» **WORK REQUEST**
Write the listing out again exactly as it stands, with no images.

» **SUPPLIED INFORMATION**
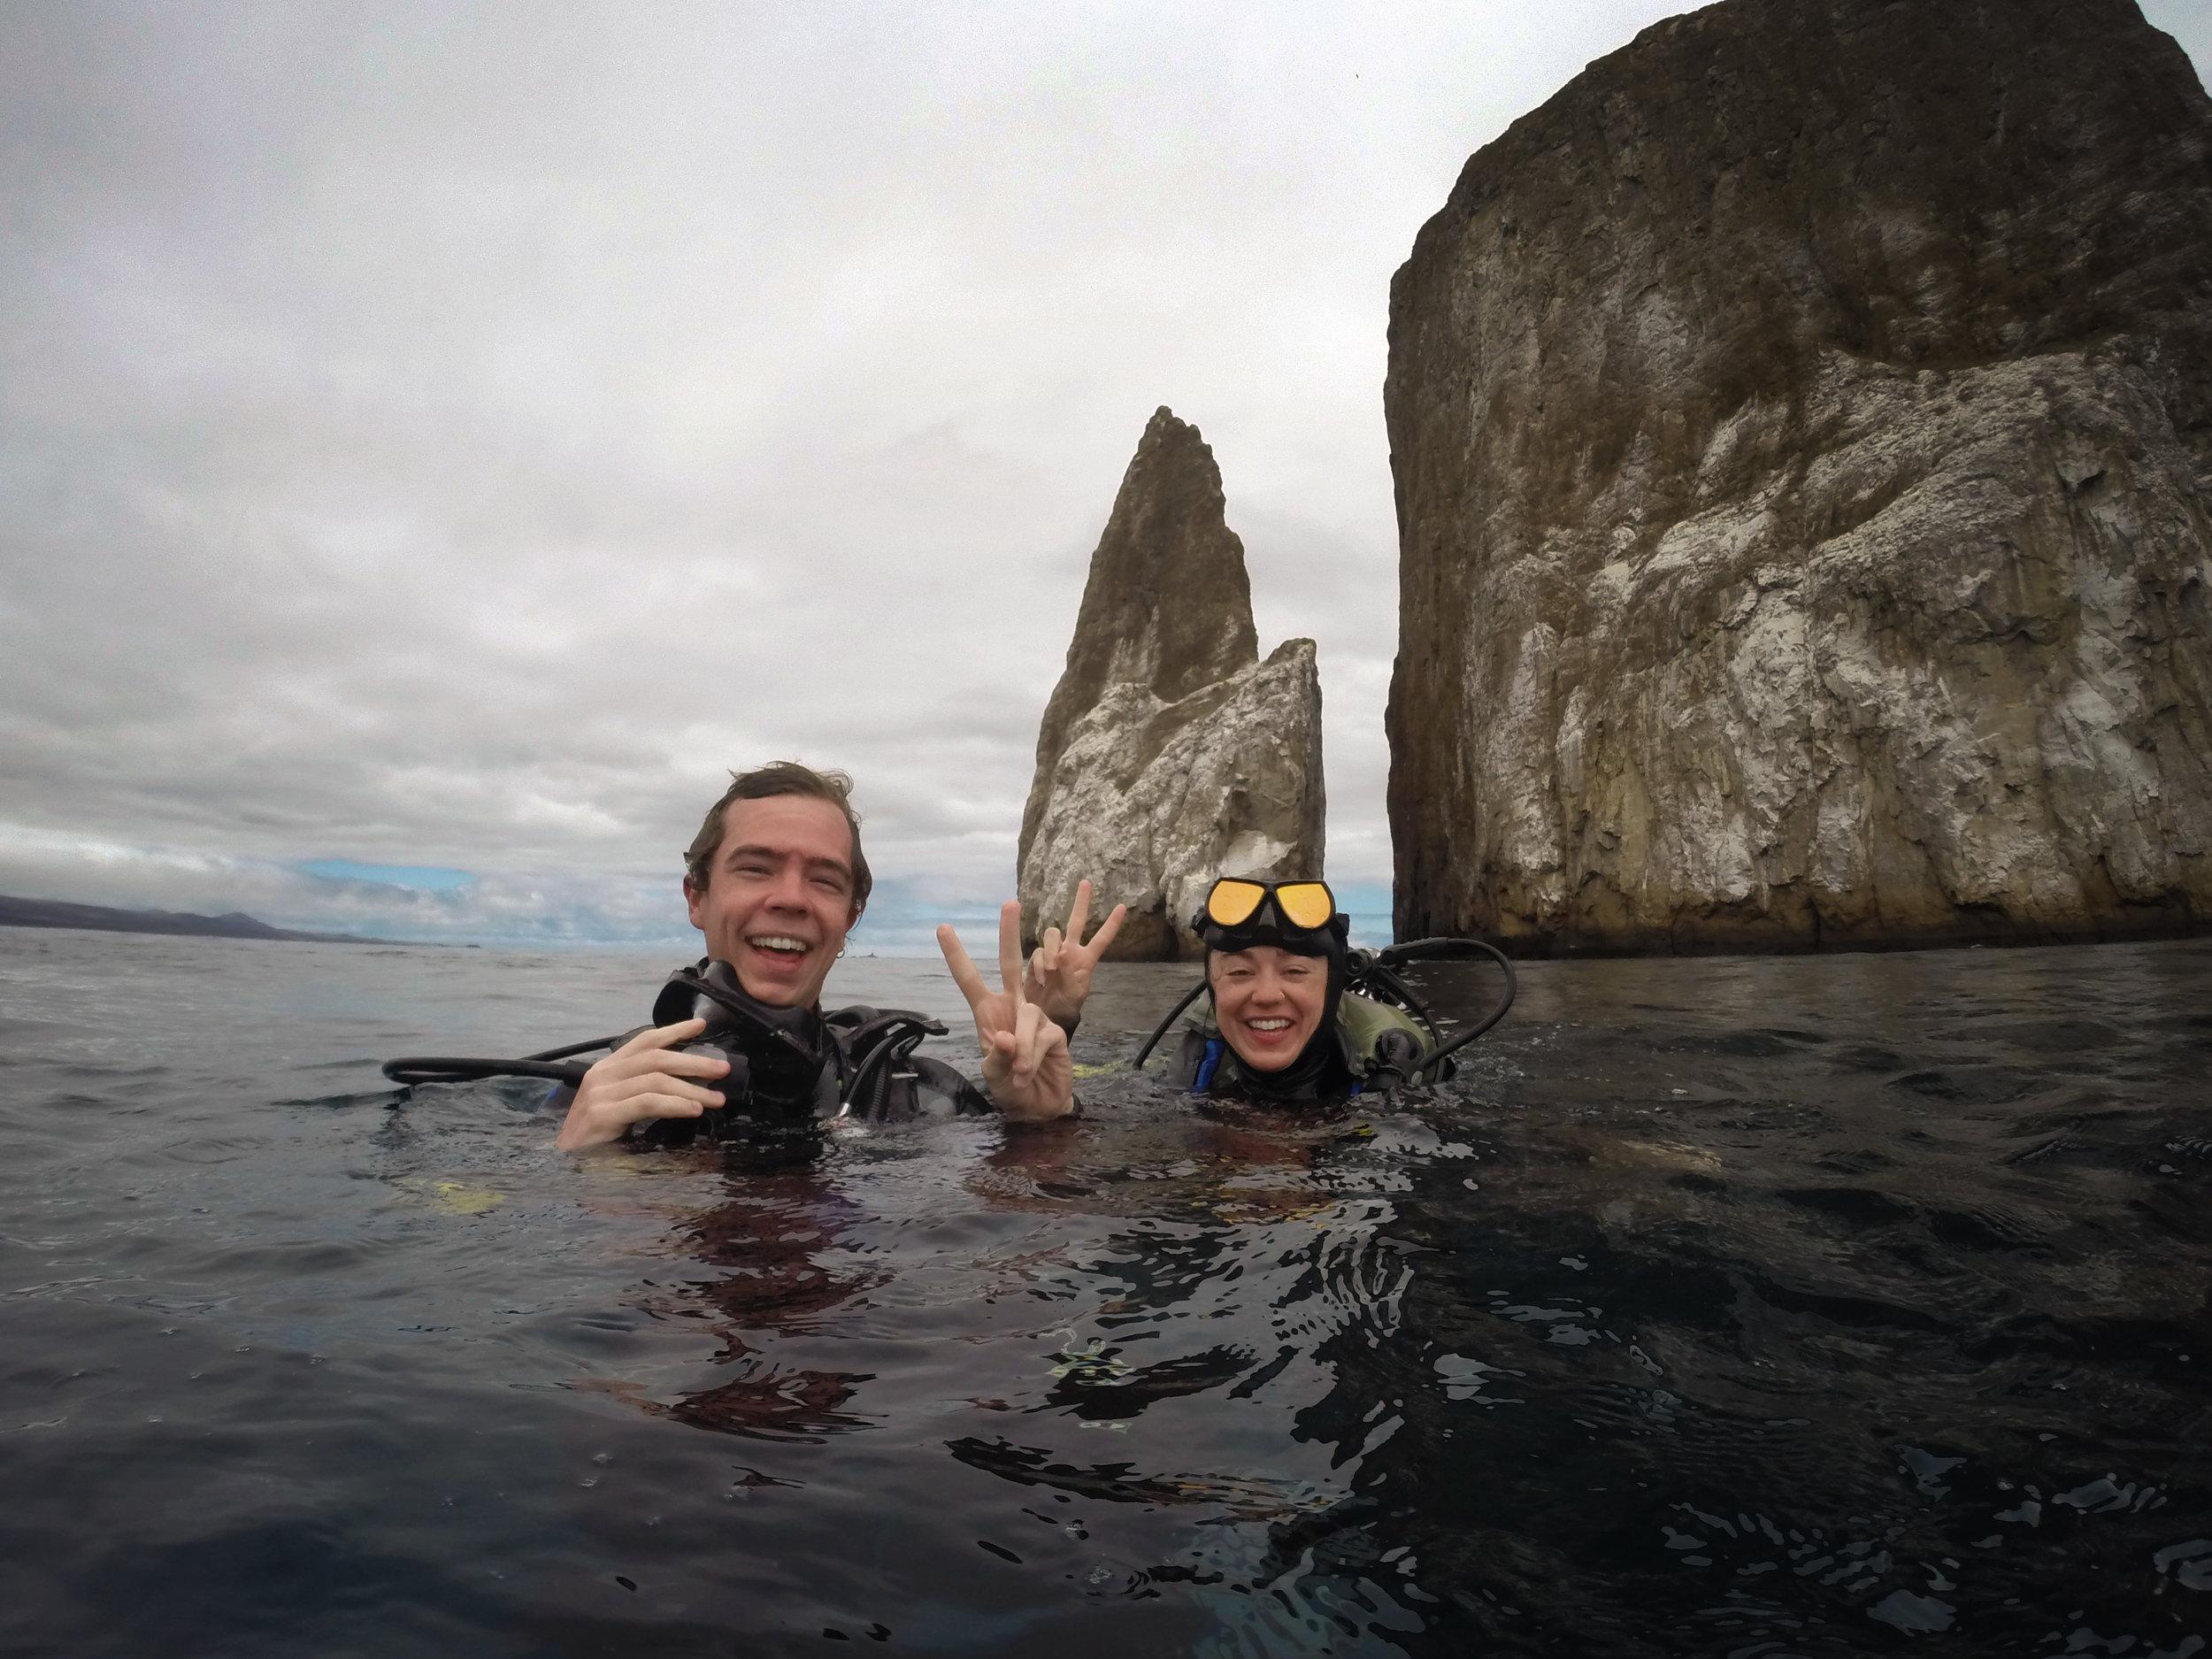 The end of a wonderful dive off Kicker Rock on San Cristóbal Island
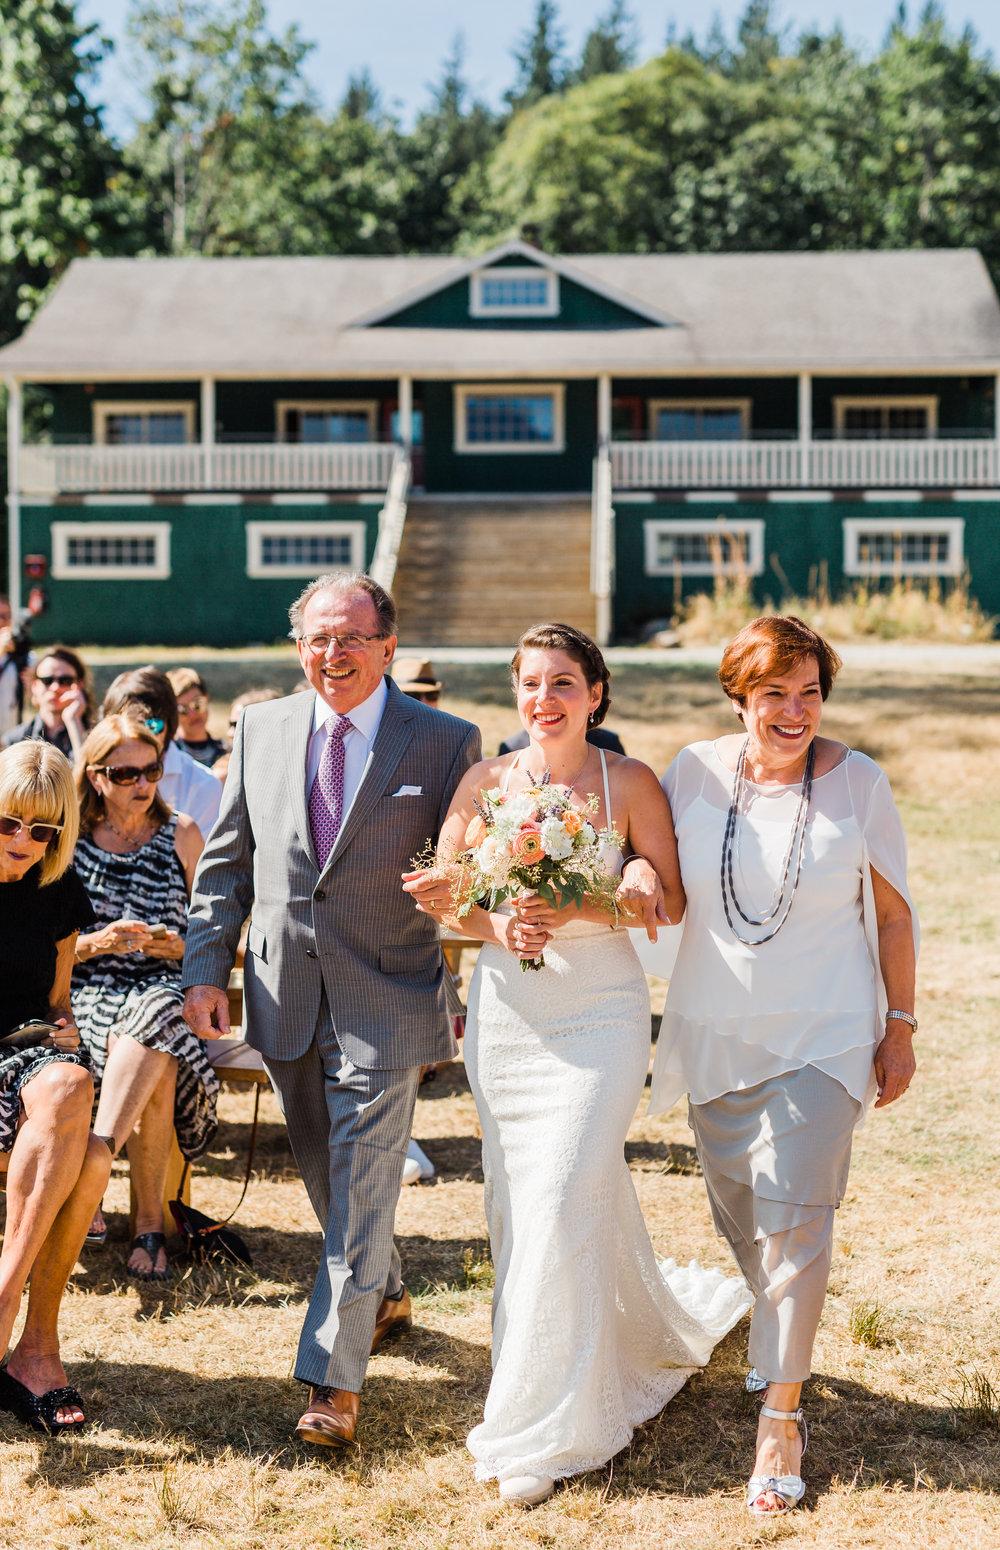 Camp Fircom Wedding - Vancouver Wedding Photographer & Videographer - Sunshine Coast Wedding Photos - Sunshine Coast Wedding Photographer - Jennifer Picard Photography - IMG_0594.jpg
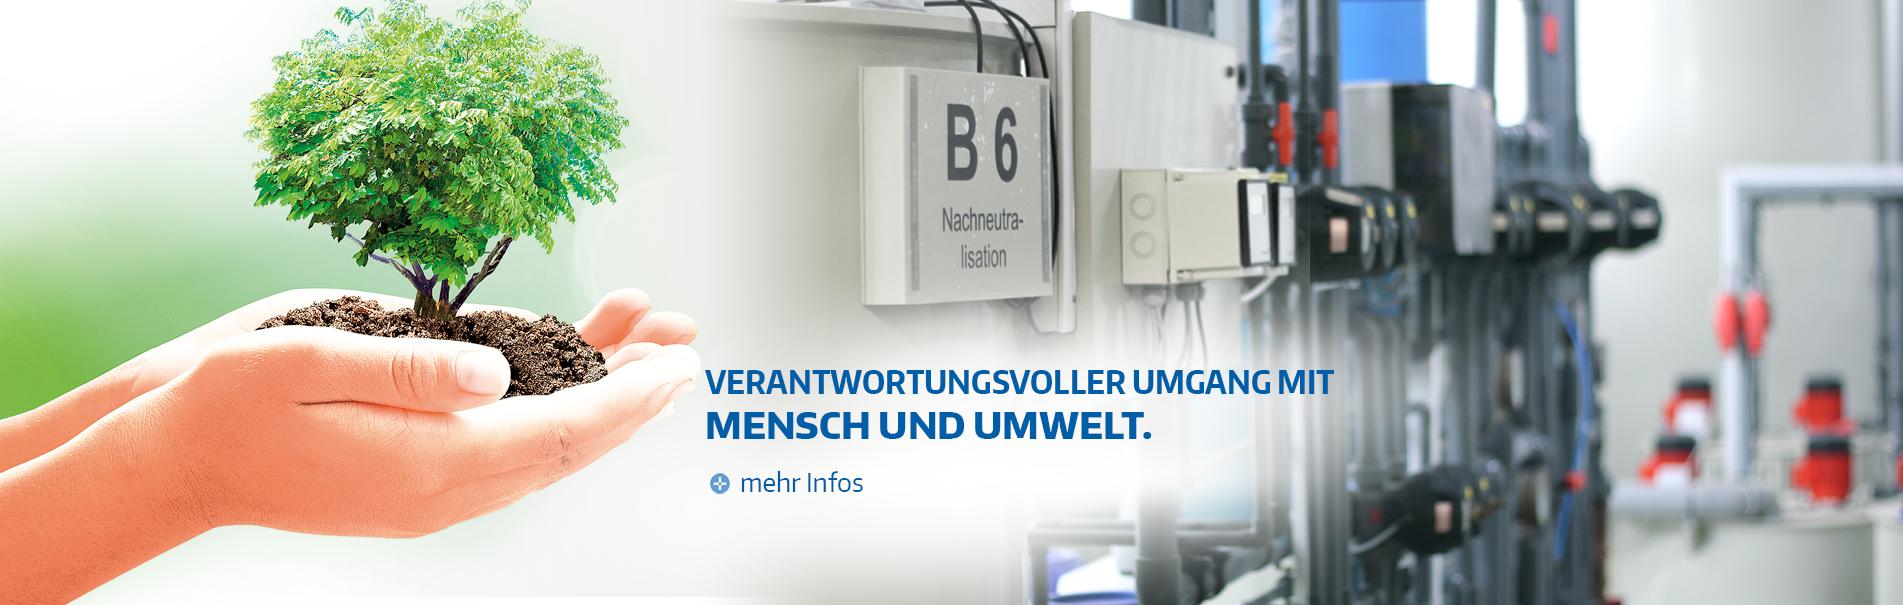 Tehrotech GmbH – Nachhaltigkeit

» **OUTPUT**
 The end of a wonderful dive off Kicker Rock on San Cristóbal Island
 Camp Fircom Wedding - Vancouver Wedding Photographer & Videographer - Sunshine Coast Wedding Photos - Sunshine Coast Wedding Photographer - Jennifer Picard Photography - IMG_0594.jpg
 Tehrotech GmbH – Nachhaltigkeit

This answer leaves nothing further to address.